Dermatoscopy aids in the diagnosis of the solitary red scaly patch or plaque-features distinguishing superficial basal cell carcinoma, intraepidermal carcinoma, and psoriasis.
ABSTRACT Intraepidermal carcinoma (IEC), superficial basal cell carcinoma (sBCC), and psoriasis are common entities that may all present as well-defined, brightly erythematous plaques. Currently, there are limited data on the dermatoscopic features that differentiate these diagnoses.
We sought to describe the most significant morphologic findings seen on dermatoscopy of IEC, sBCC, and psoriasis, and formulate a diagnostic model based on these features.
We conducted a retrospective observational study using macrophotography and dermatoscopy to evaluate the presence or absence of dermatoscopic features and formulated diagnostic models for each diagnosis. A convenient sample of 300 lesions was collected from 255 patients from two hospital dermatology clinics and 4 private dermatology practices. These comprised 150 cases of sBCC, 100 cases of psoriasis, and 50 cases of IEC.
The most significant dermatoscopic features of IEC were a clustered vascular pattern, glomerular vessels, and hyperkeratosis. When all 3 features were observed together, the diagnostic probability for IEC was 98%. sBCCs were characterized by a scattered vascular pattern, arborizing microvessels, telangiectatic or atypical vessels, milky-pink background, and brown dots/globules; the diagnostic probability was 99% if 4 of these 6 features were identified.
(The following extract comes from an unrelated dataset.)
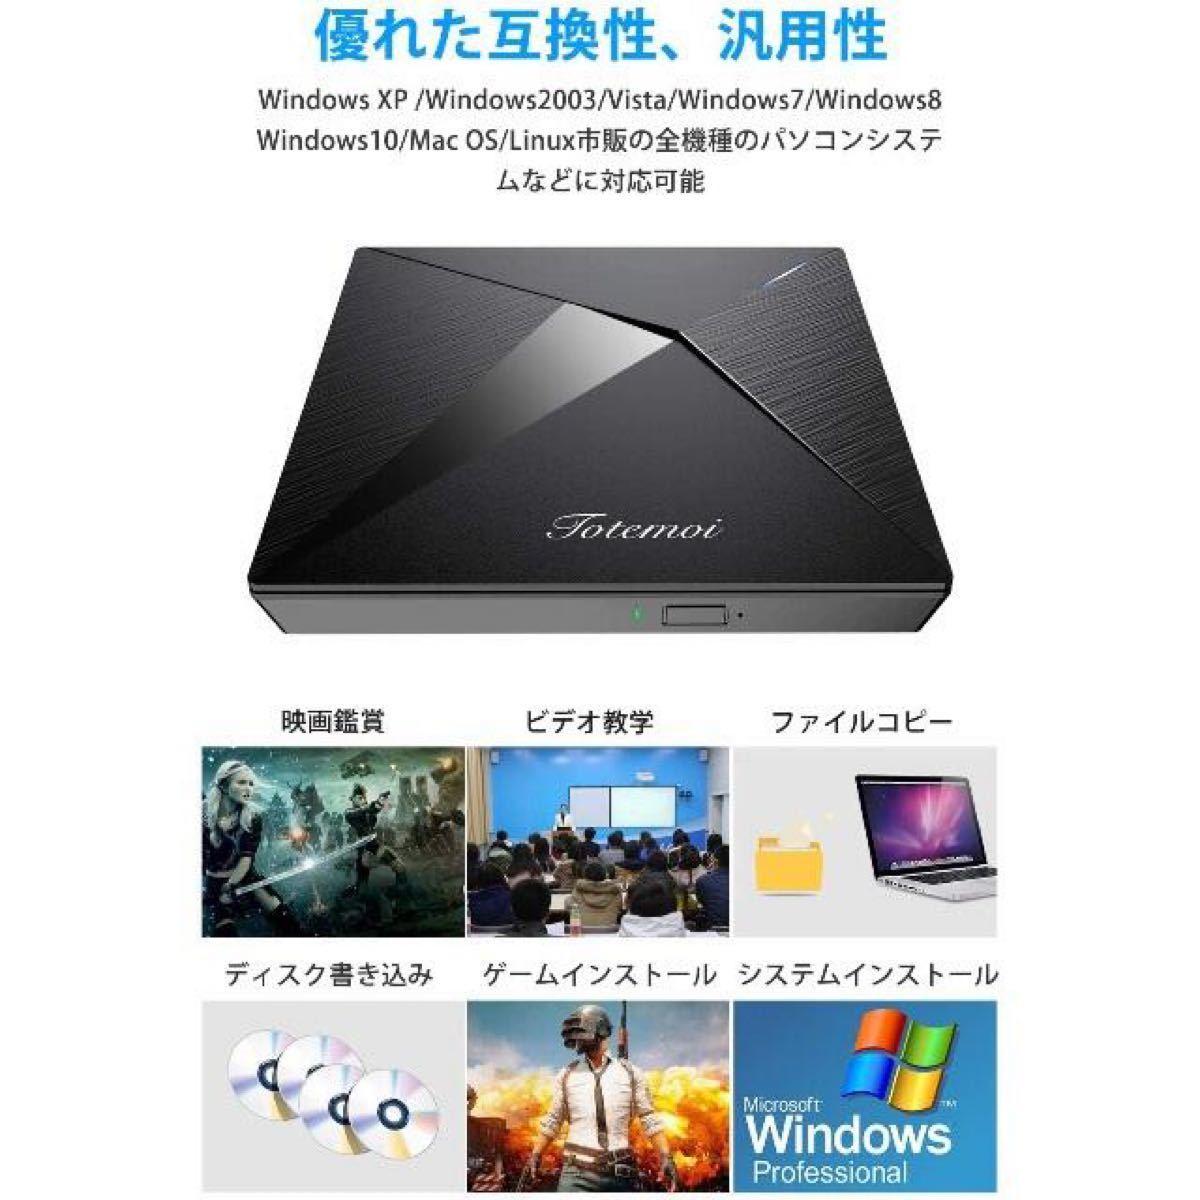 外付けDVDドライブ USB3.0 CD-RW ポータブル DVDプレイヤー
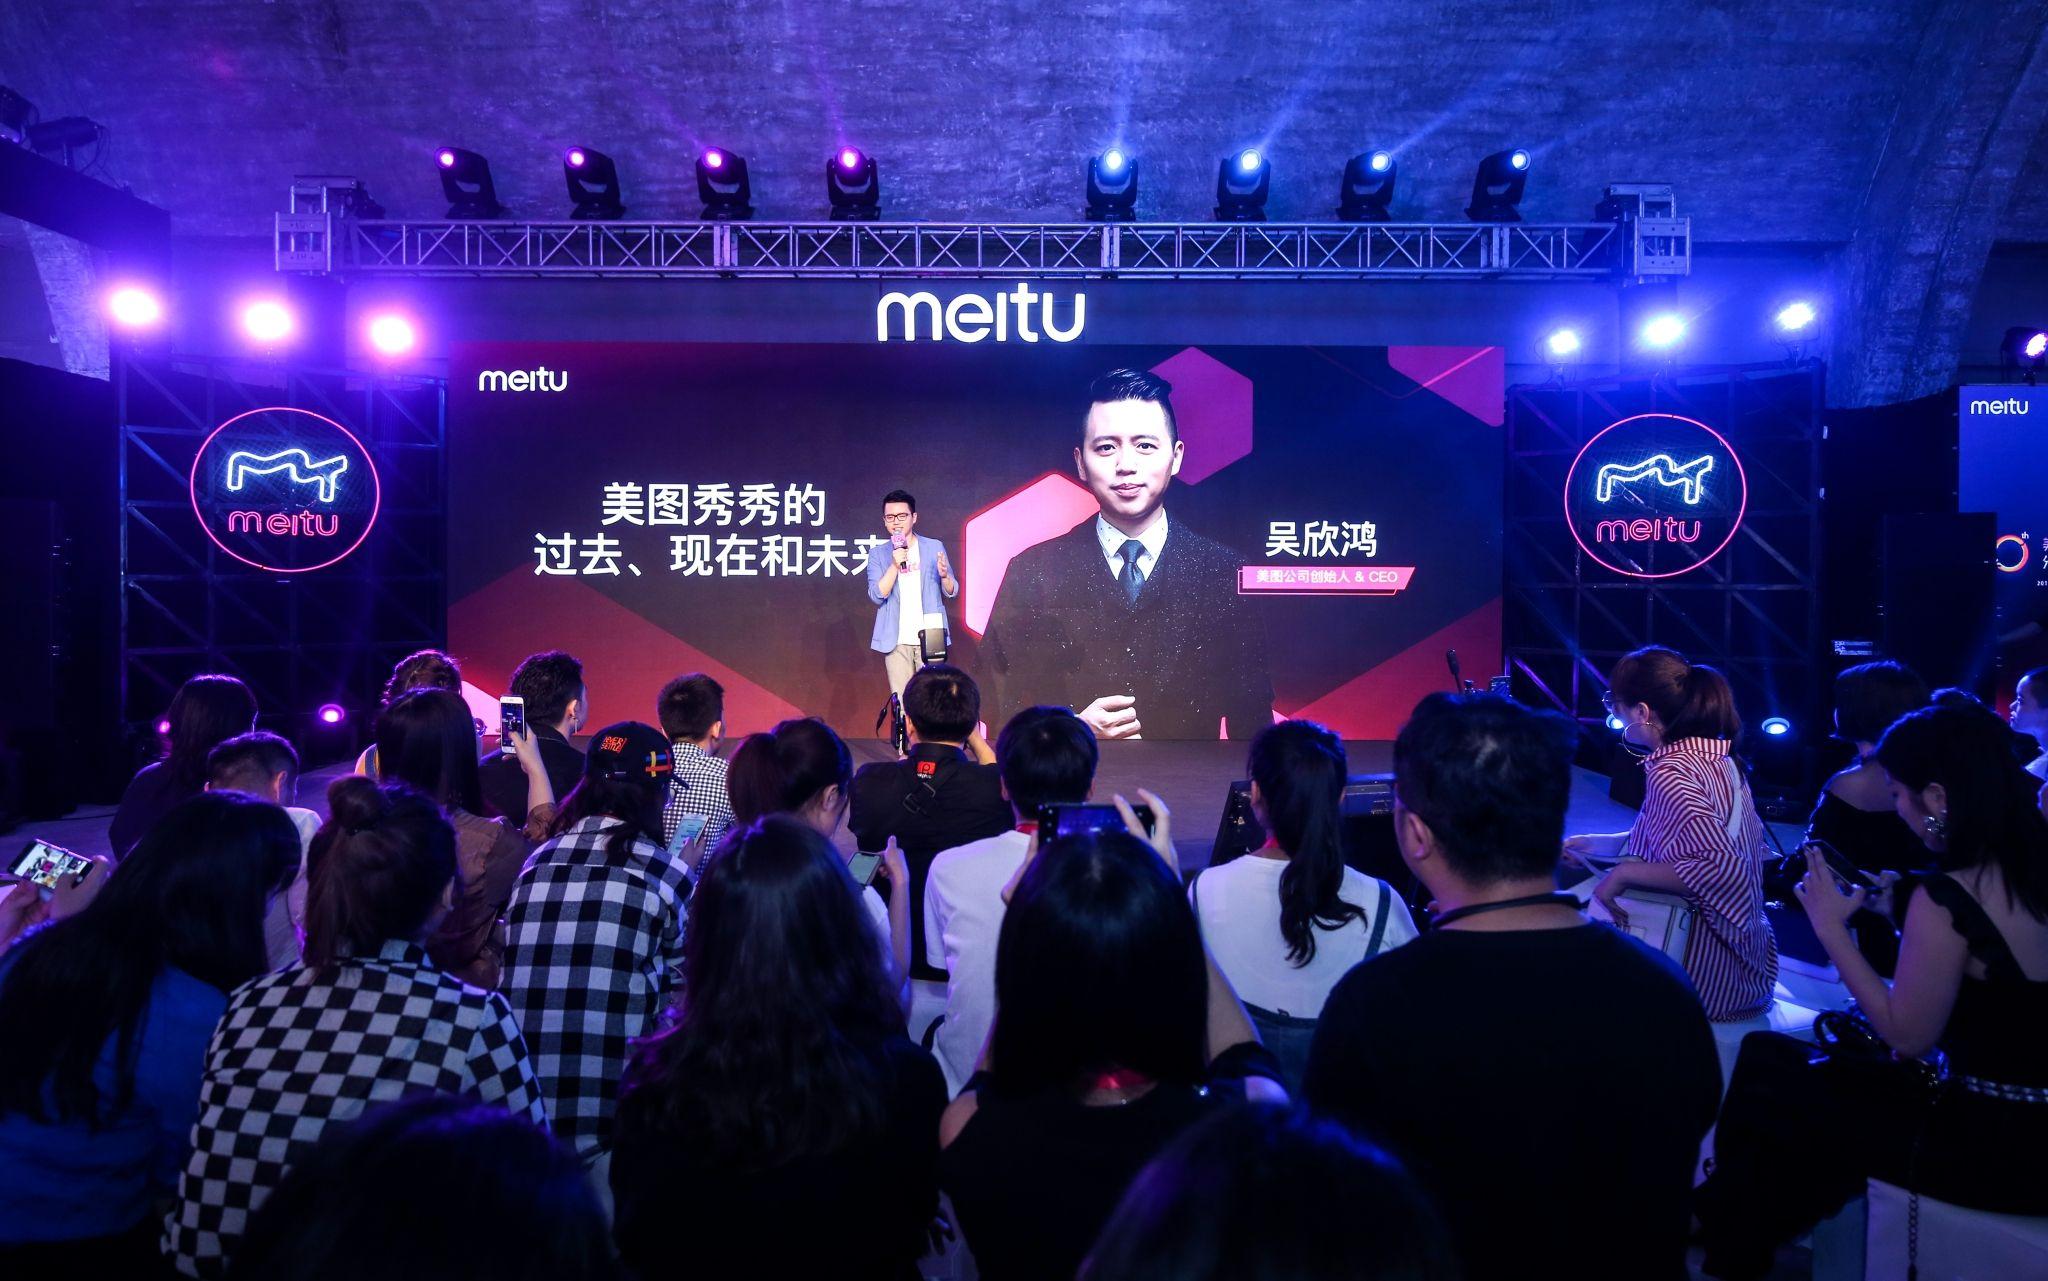 美图创始人吴欣鸿:图片社交将成为美图秀秀发力社交的机会

For psoriasis, the significant features identified were a homogenous vascular pattern, red dots, and light-red background, yielding a diagnostic probability of 99% if all 3 features were present.
Lack of evaluation of interobserver/intraobserver reproducibility is a limitation.
Dermatoscopy is valuable in the diagnosis and differentiation of IEC, sBCC, and psoriasis because of consistent dermatoscopic morphology.
- SourceAvailable from: Cliff Rosendahl[Show abstract] [Hide abstract]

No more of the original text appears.